I’ve let to read about Jutland, but the commands seem to be from nineteenth century sailing ships. “Form line on flag”, and “General chase”.

I think (warning: Opinion) that perhaps the victory at the Falklands may have, in the minds of some, vindicated the idea of the battlecruiser in the main battle line. But Von Spee had no battleships, just armored cruisers. The two battlecruisers in Sturdee’s little fleet far out classed in both speed (23 kn vs 18) and armament (12" vs 8"). With any decent ship handling the result was largely foreordained. In fact the flagship at the Falklands, the HMS Invincible, was one of the ships blown apart at Jutland. As it happened, the two battlecruisers were being used just as envisioned, the ability to overwhelm enemy commerce raiders was part of their design. But at Jutland they were used against German battle cruisers and battleships. Big mistake. Don’t bring a dagger to a swordfight.
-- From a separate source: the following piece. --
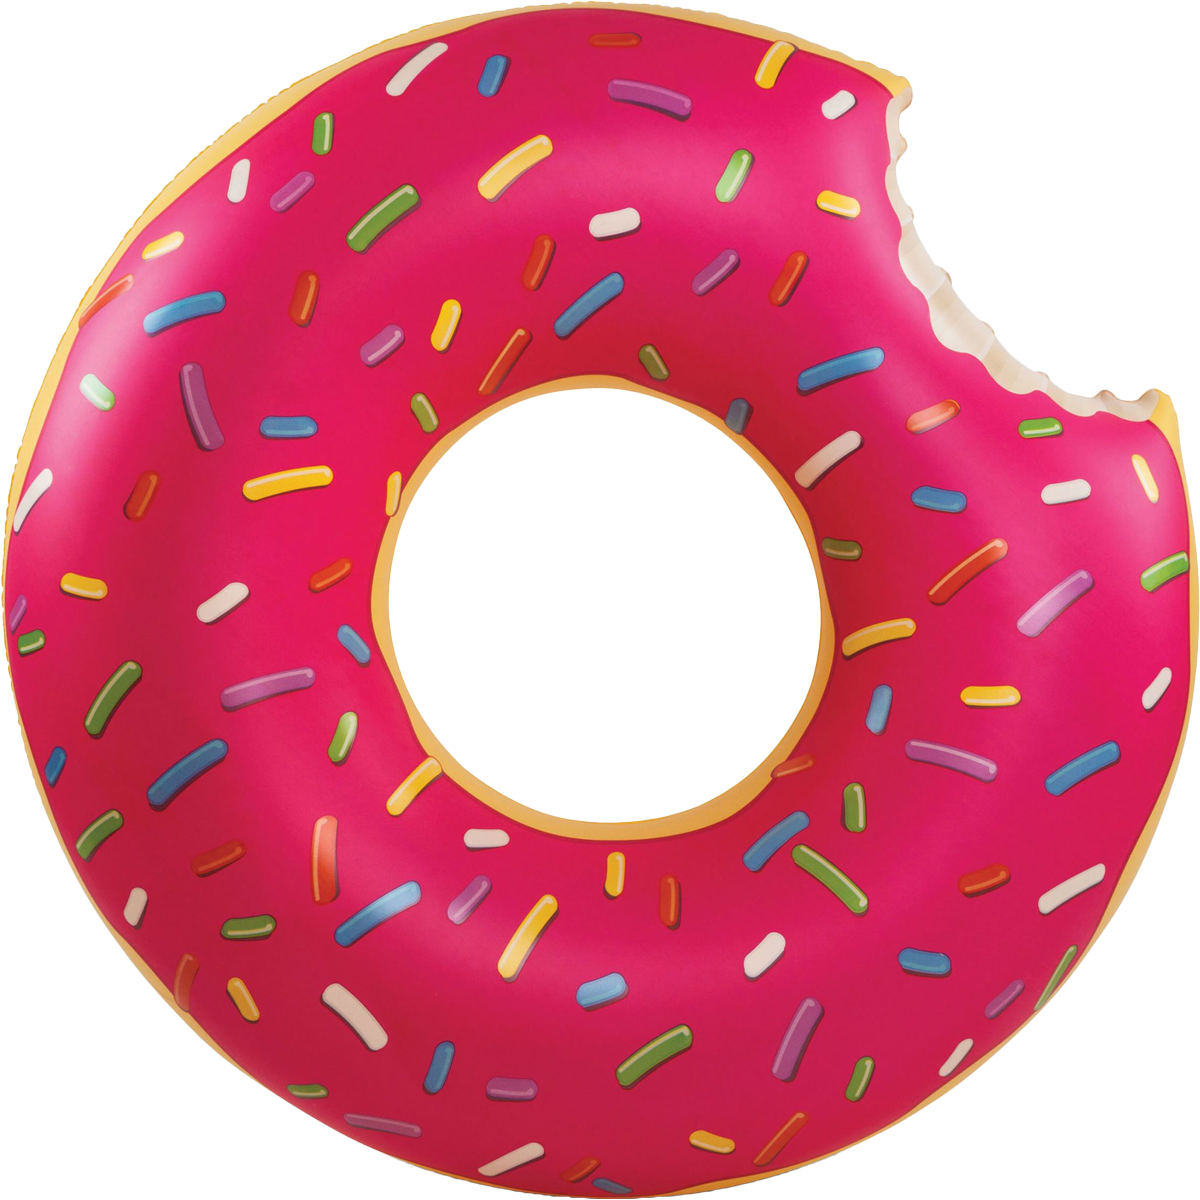 Giant Pink Frosted Donut Pool Float alternate view

Right. The British had a numbers advantage in dreadnoughts without including the battle cruisers; theur inclusion wasn’t necessary. I have read in many places that admirals found the heavy guns of the battle cruisers an almost irresistible incentive to throw them into the line of battle despite their weak armor. I have never understood that – aren’t military professionals able to resist their impulses and act rationally?

I’m in the midst of Jutland now. Neither side knew that the other guys had their battleships out. The Brits were reading German coded radio signals. The call sign of the flag battleship was shifted to a land station while it was at sea, so they thought the German battleships were at Jade. The Germans laid a trap for cruisers which the British knew about, so they used the cruisers as bait just as Hipper planned to entrap them, with the British battleships out of sight.

“aren’t military professionals able to resist their impulses and act rationally?”

Not these guys.

A bit of an aside, but I found this book quite disappointing. It is 100 percent focused on the few individuals at the top, and there is next to nothing about the thoughts or experiences of anyone below the rank of battleship commander. Sorry for the hijack.

There are small descriptions or quotes from lower rankings, but you are largely correct.